Sementara Anny Susilowaty, S.Kom, M.H, lulusan terbaik pascasarjana UBT tahun ini berbagi kisah penelitiannya tentang hoaks. Anny, sapaannya mengupas tentang pandangan hukum terhadap beberapa kasus hoaks yang ditangani aparat penegak hukum.
“Kasus Ratna Sarumpaet dan beberapa kasus lain menjadi trigger (latar belakang) penelitian ini. Semua orang berharap UU ITE cukup, ternyata polisi tidak mengenakan UU ITE saja. Ada UU Nomor 1/1946. Saya penasaran, kenapa yang baru tak cukup menjerat pelakunya. Ternyata dalam penelitian saya, hoaks itu tak hanya dalam satu UU saja, ada UU lainnya,” ujar Anny yang juga menjabat sebagai komisaris Radar Tarakan.
Yang membuat ia yakin menuntaskan penelitian itu karena baru pertama kali di lingkungan UBT, dan akan dikembangkan lagi.
“Perjalanan panjang penelitian ini, saya pernah mengikuti workshop di Dewan Pers.
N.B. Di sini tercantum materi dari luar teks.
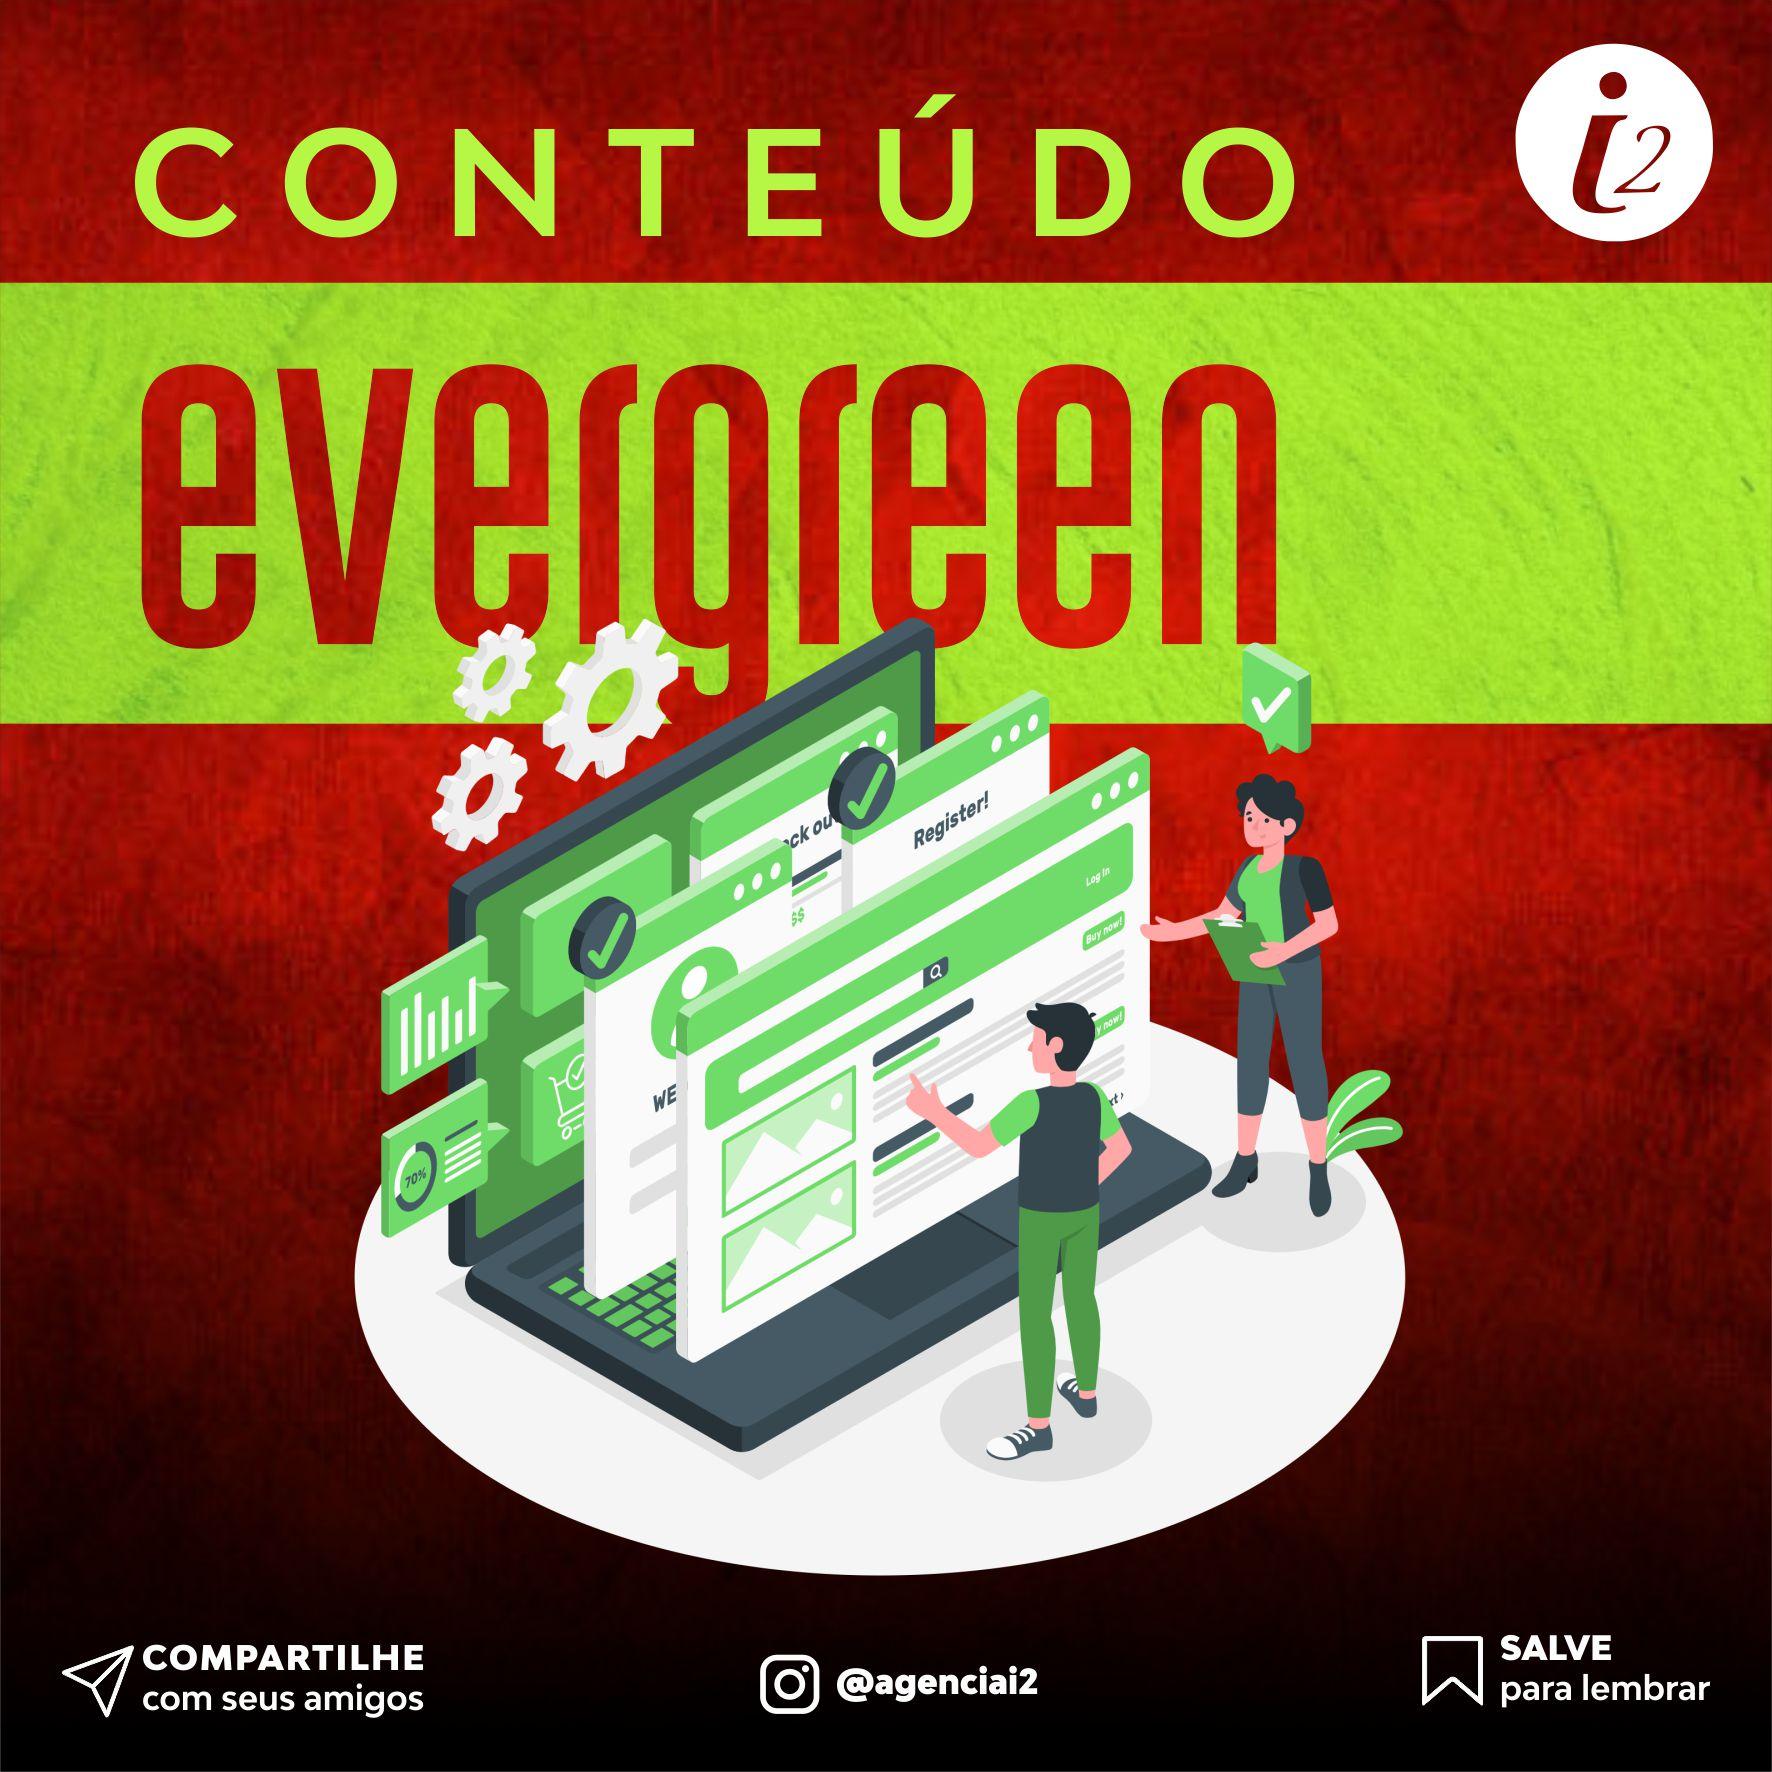 Conteúdo evergreen
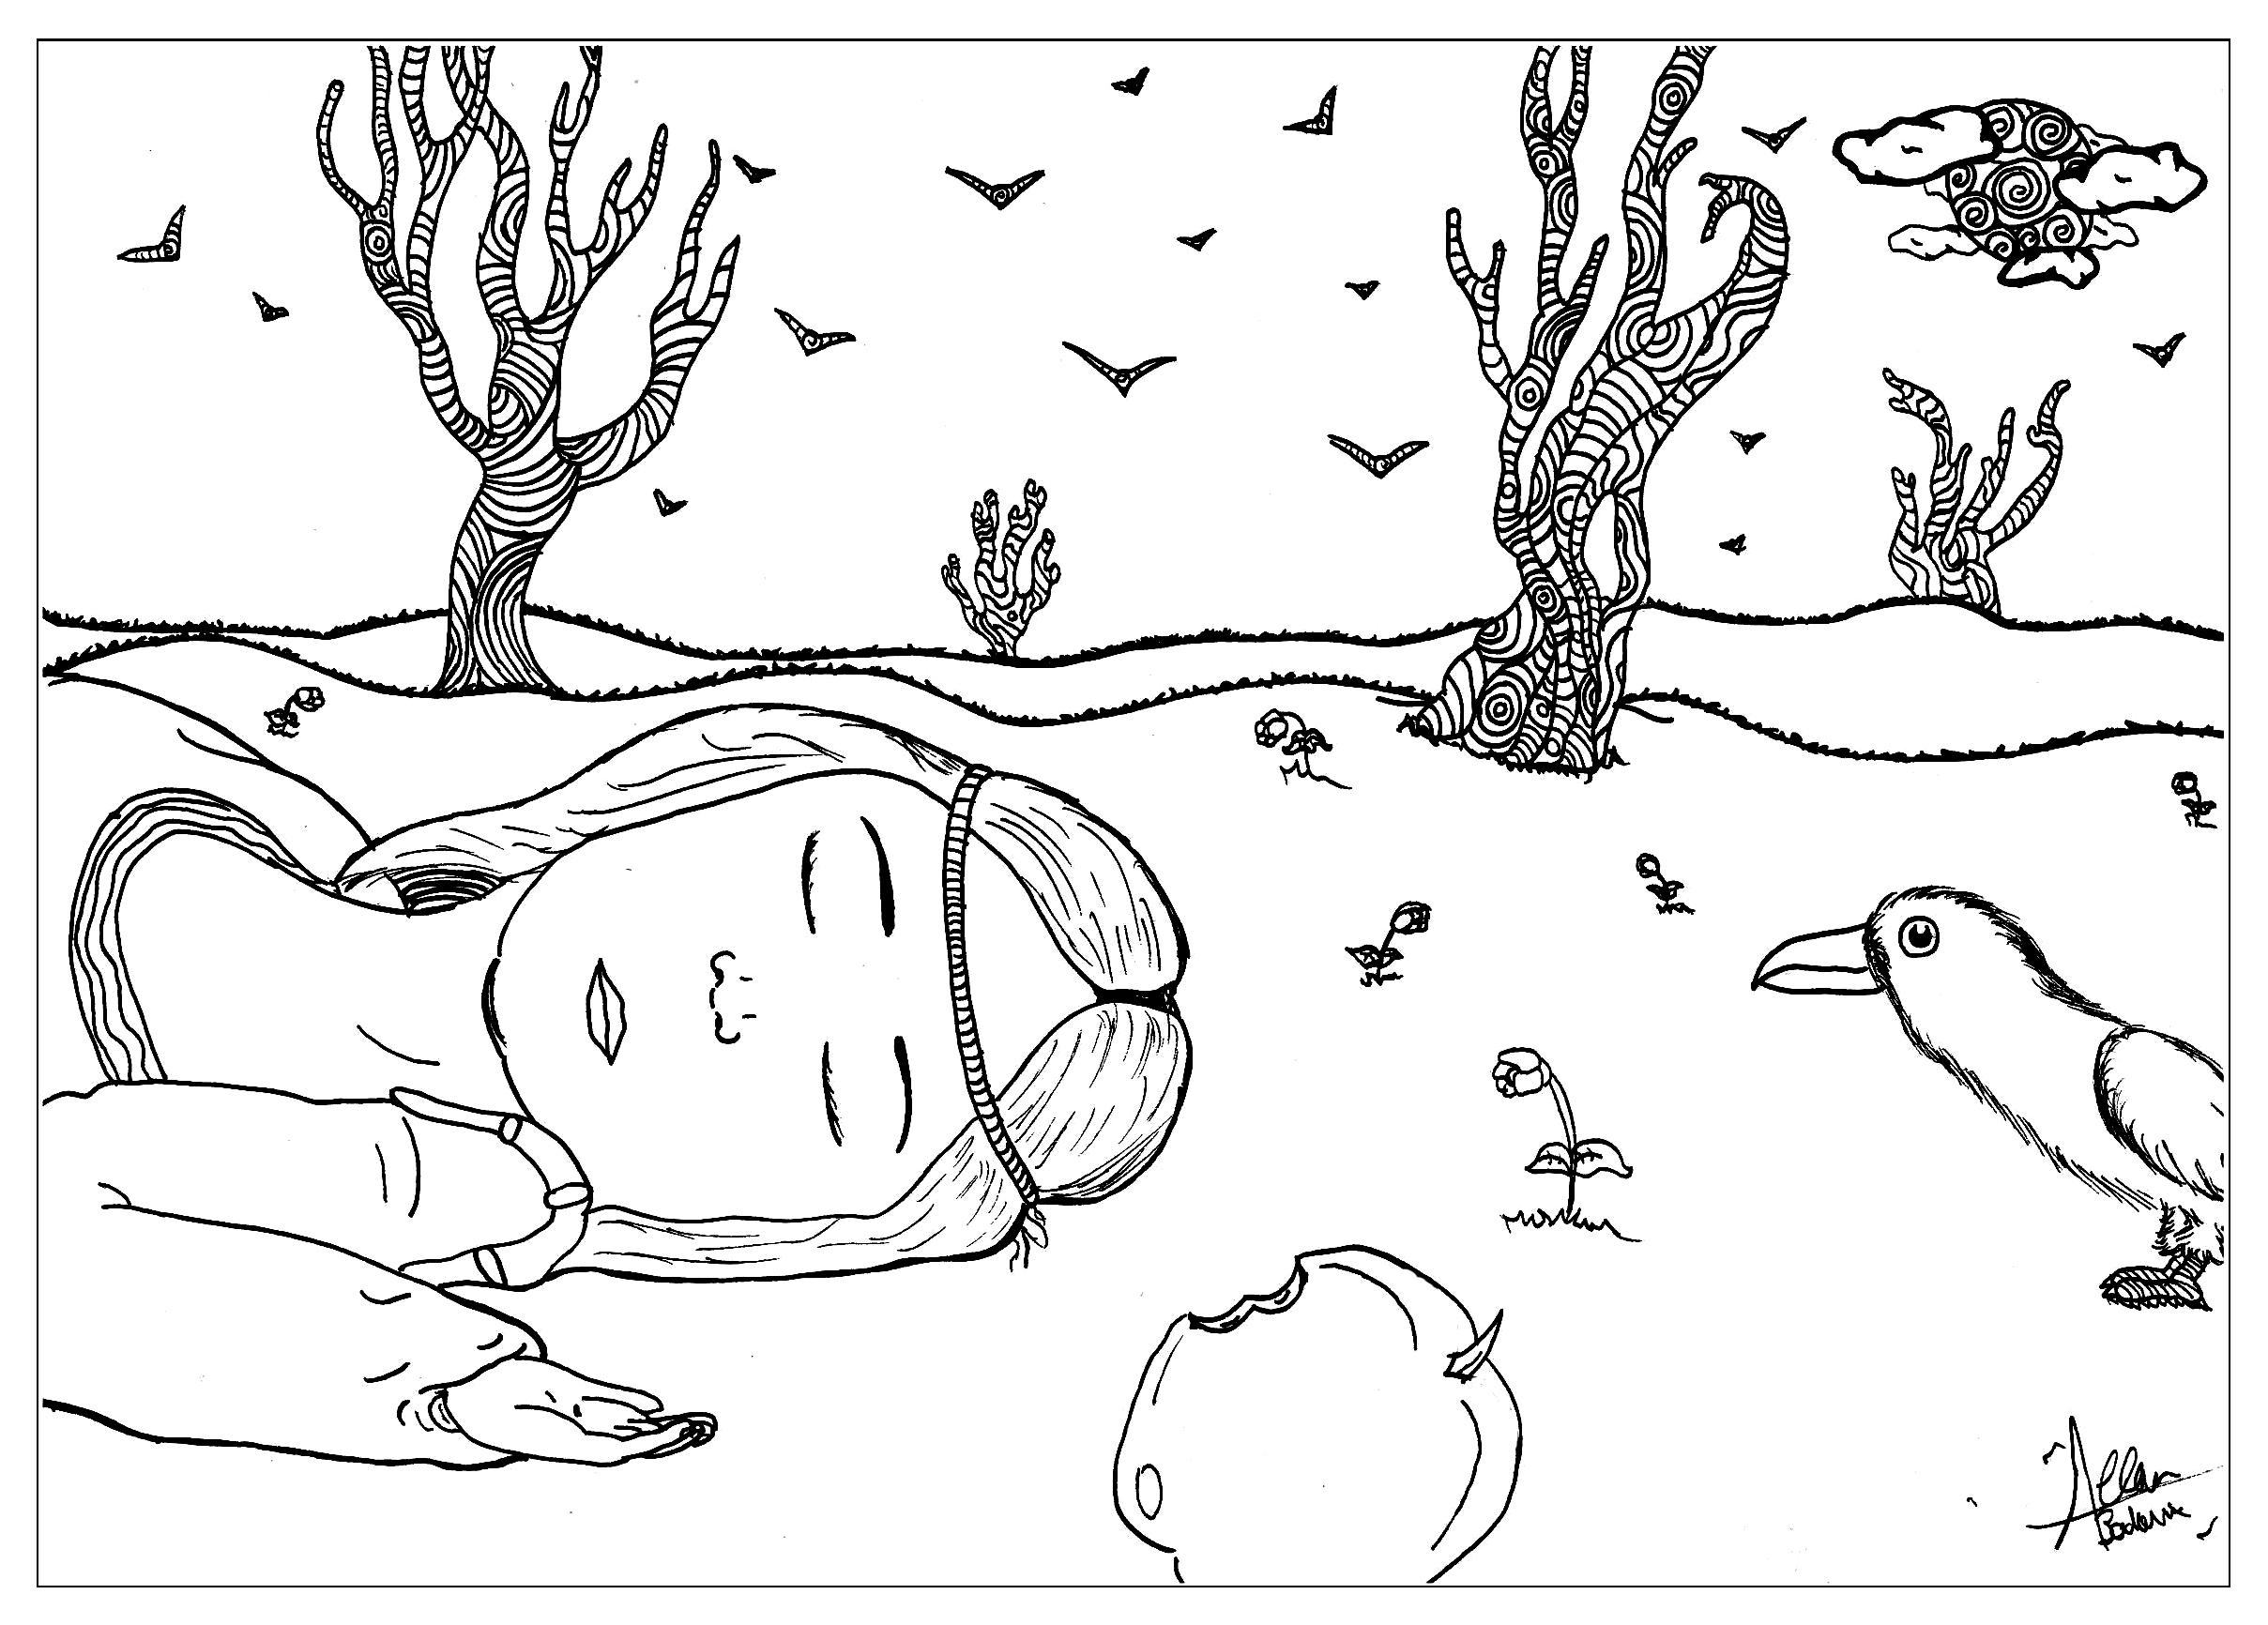 Voici notre coloriage sur 'Blanche Neige'. cette scène évoque le moment où elle a croqué la pomme empoisonnée de la sorcière.

Dari situ rekomendasinya, perlu lembaga yang clearing (penangkal) hoaks informasi yang beredar. Sampai koran pun kena hoaks. Ada yang mem-posting (unggah) di medsos, dengan sumber yang diada-adakan. Media klarifikasi harus ada. Seperti rubrik tertentu mengklarifikasi informasi tertentu,” tambahnya.
Dalam penelitian tentang hoaks itu juga Anny menemukan jenis hoaks yakni informasi lampau yang disajikan seolah-olah baru.
“Kalau hoaks itu meningkat saat pilkada. Berita atau informasi lampau itu termasuk hoaks. Misalnya berita penculikan anak tahun lalu, kemudian muncul lagi, biasanya motivasinya menakut-nakuti warga. Mengolah itu seolah-olah baru, maka itu termasuk hoaks,” singkatnya.